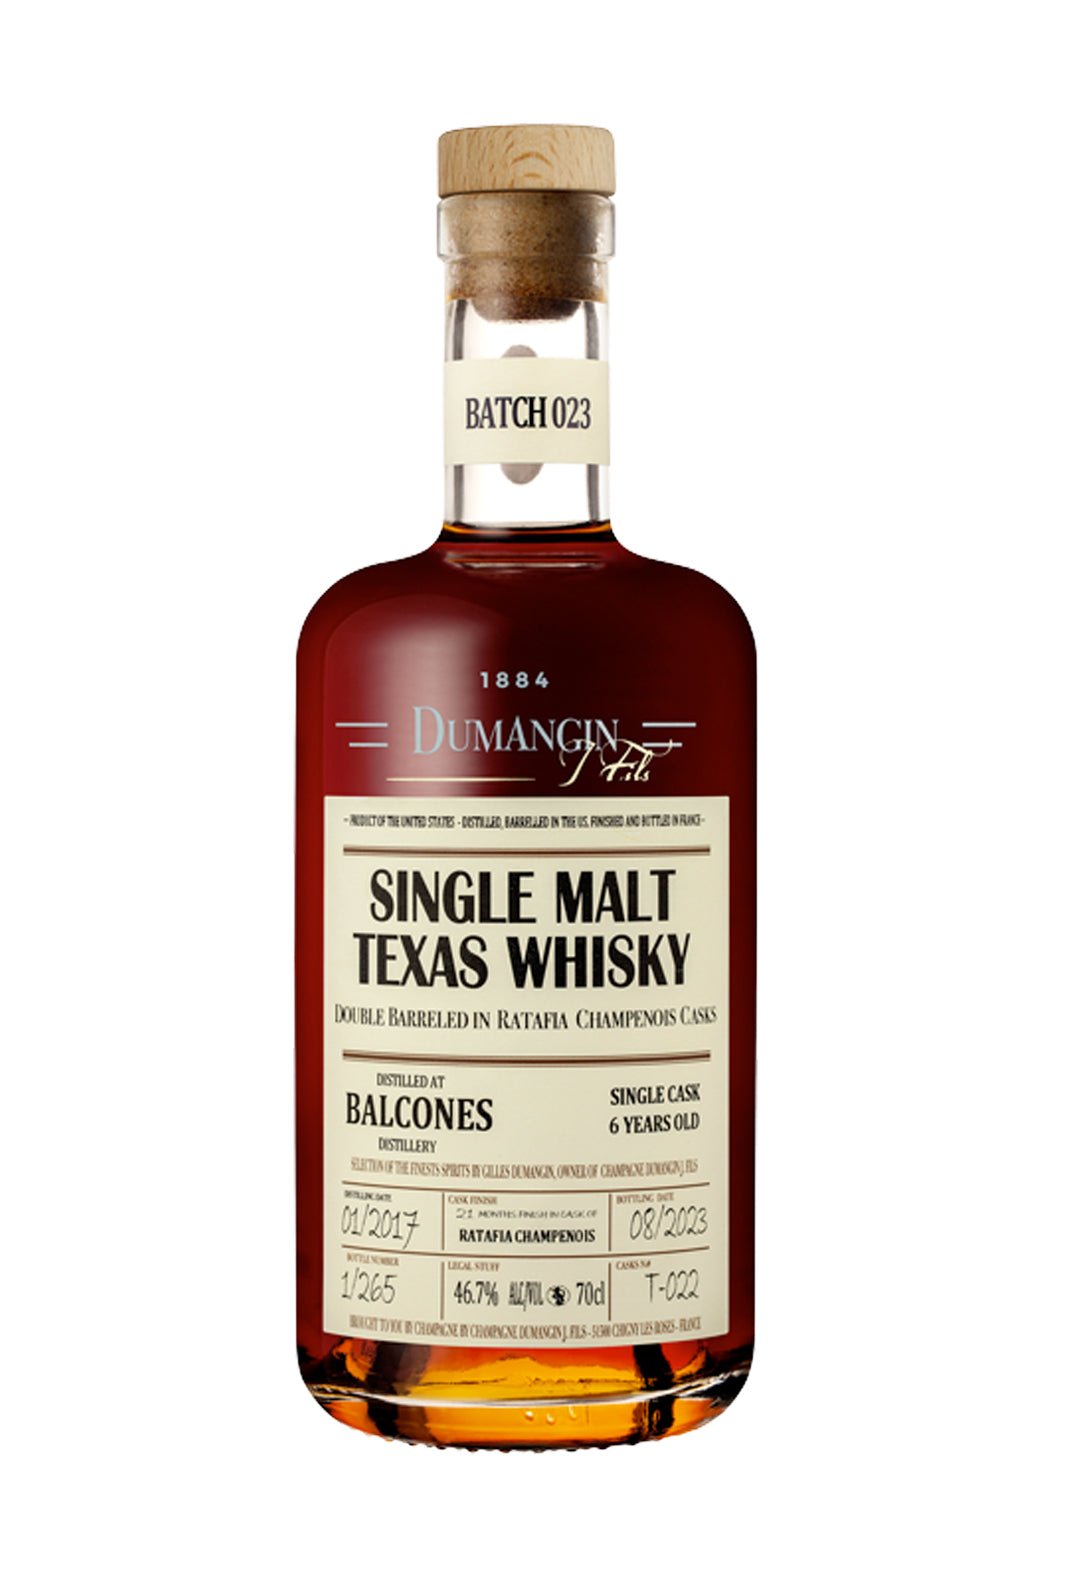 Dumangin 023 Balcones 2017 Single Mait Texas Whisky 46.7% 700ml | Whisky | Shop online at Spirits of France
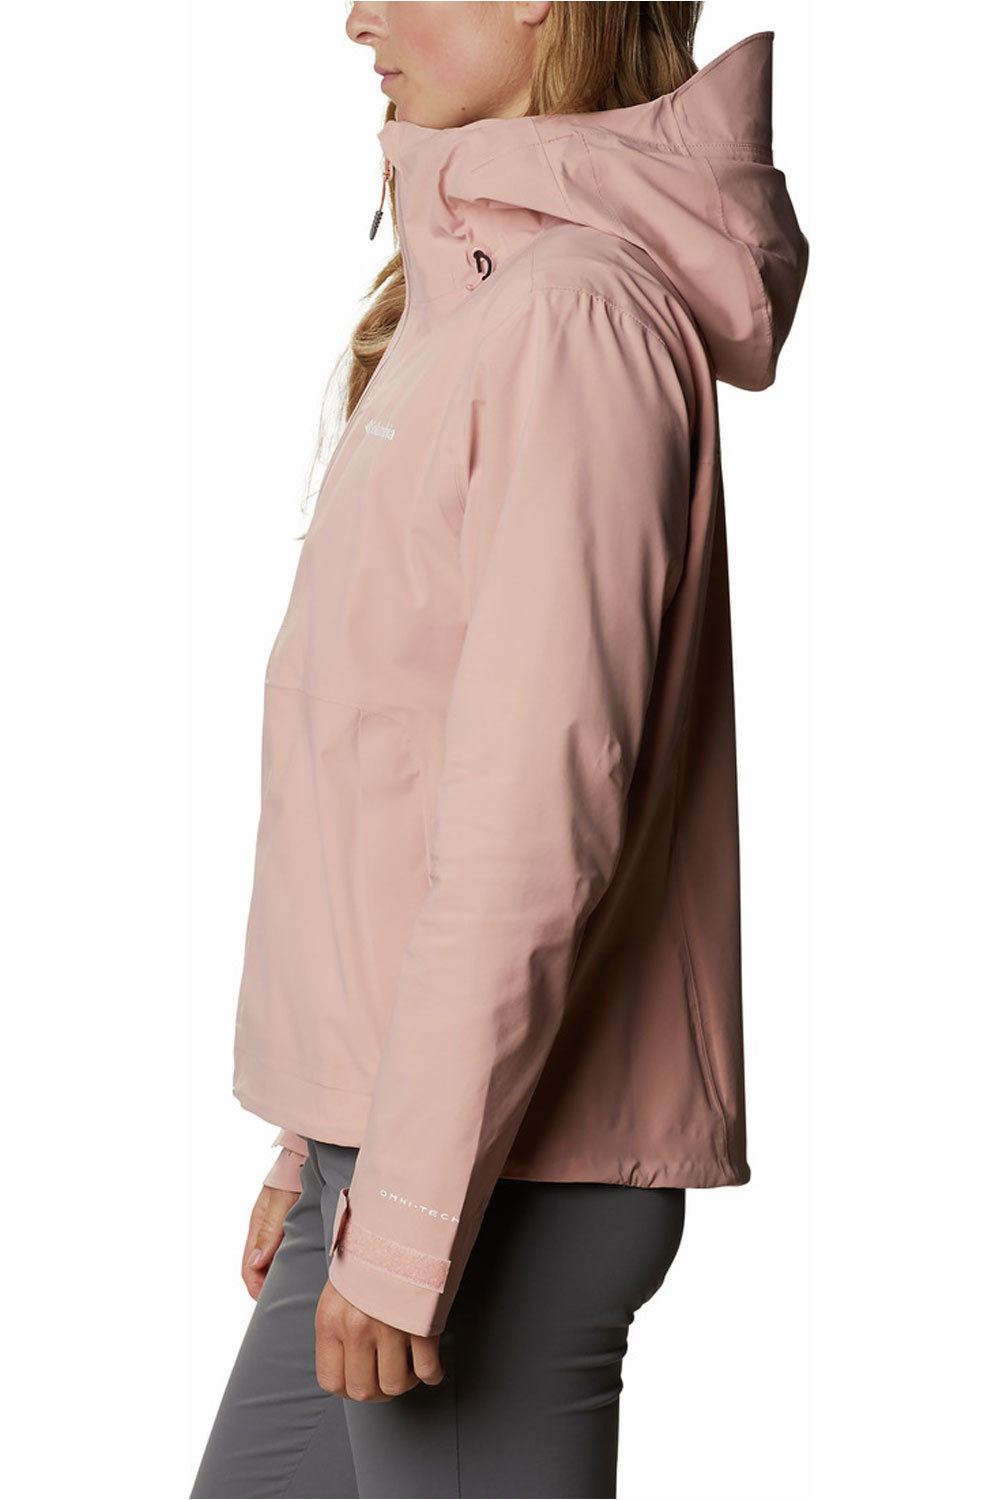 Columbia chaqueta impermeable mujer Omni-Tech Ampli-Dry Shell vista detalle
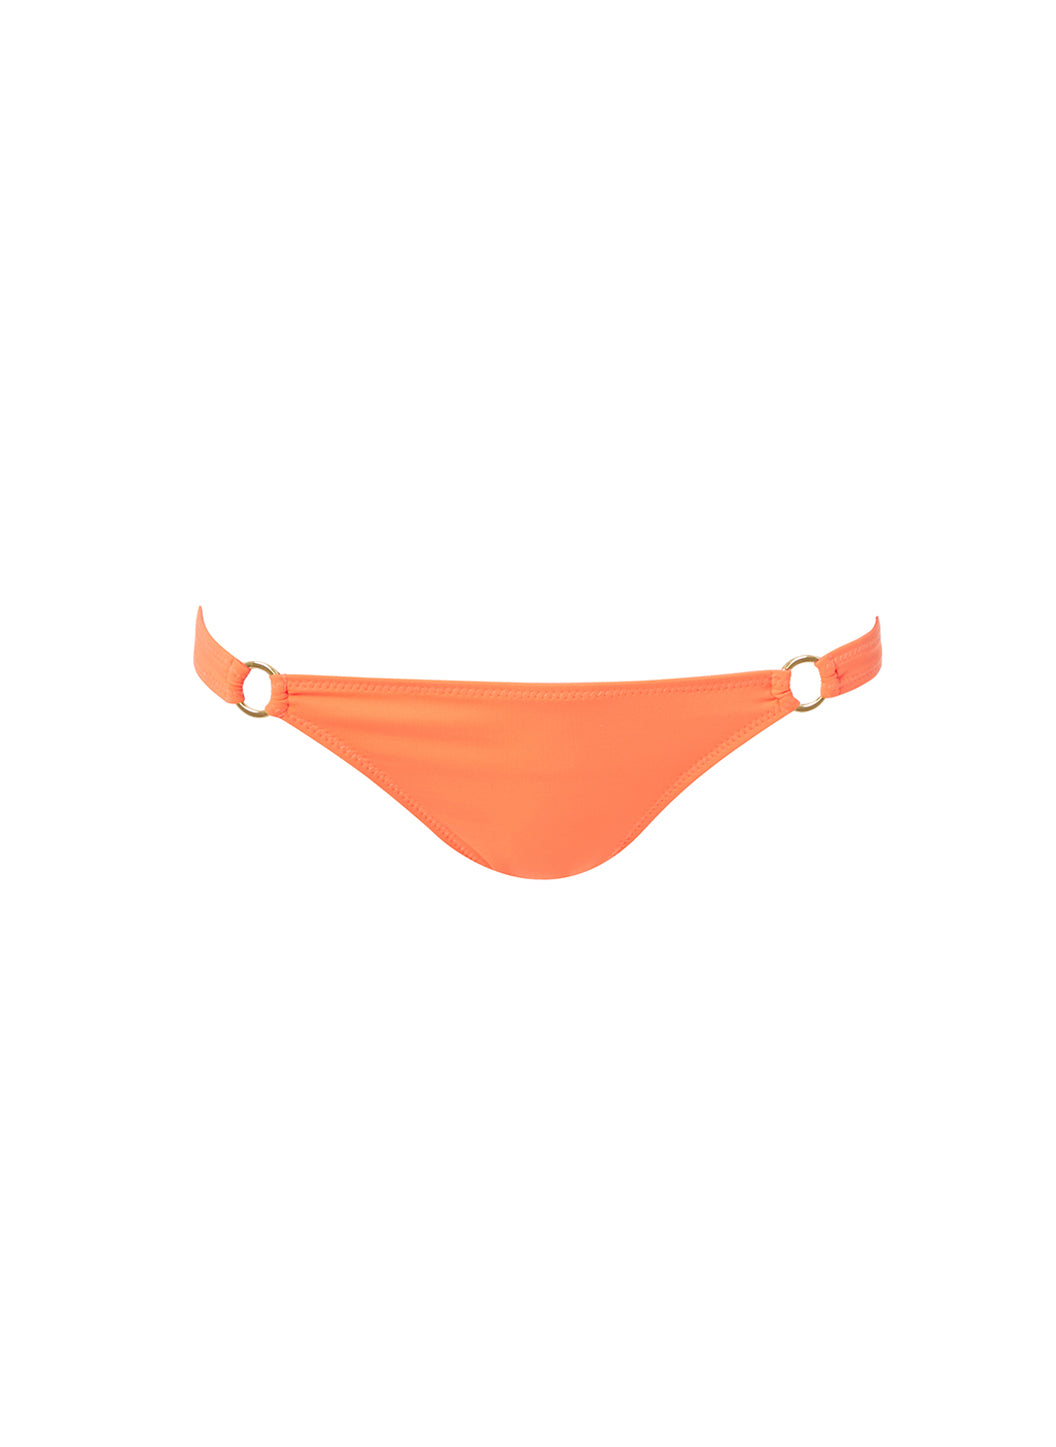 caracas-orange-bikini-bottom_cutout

▶ TASK TO COMPLETE
Reproduce word for word only the lines between the line containing "Columbia chaqueta impermeable" and the end of the listing above, both included, and drop any pictures.

▶ TASK RESPONSE
 Columbia chaqueta impermeable mujer Omni-Tech Ampli-Dry Shell vista detalle
 caracas-orange-bikini-bottom_cutout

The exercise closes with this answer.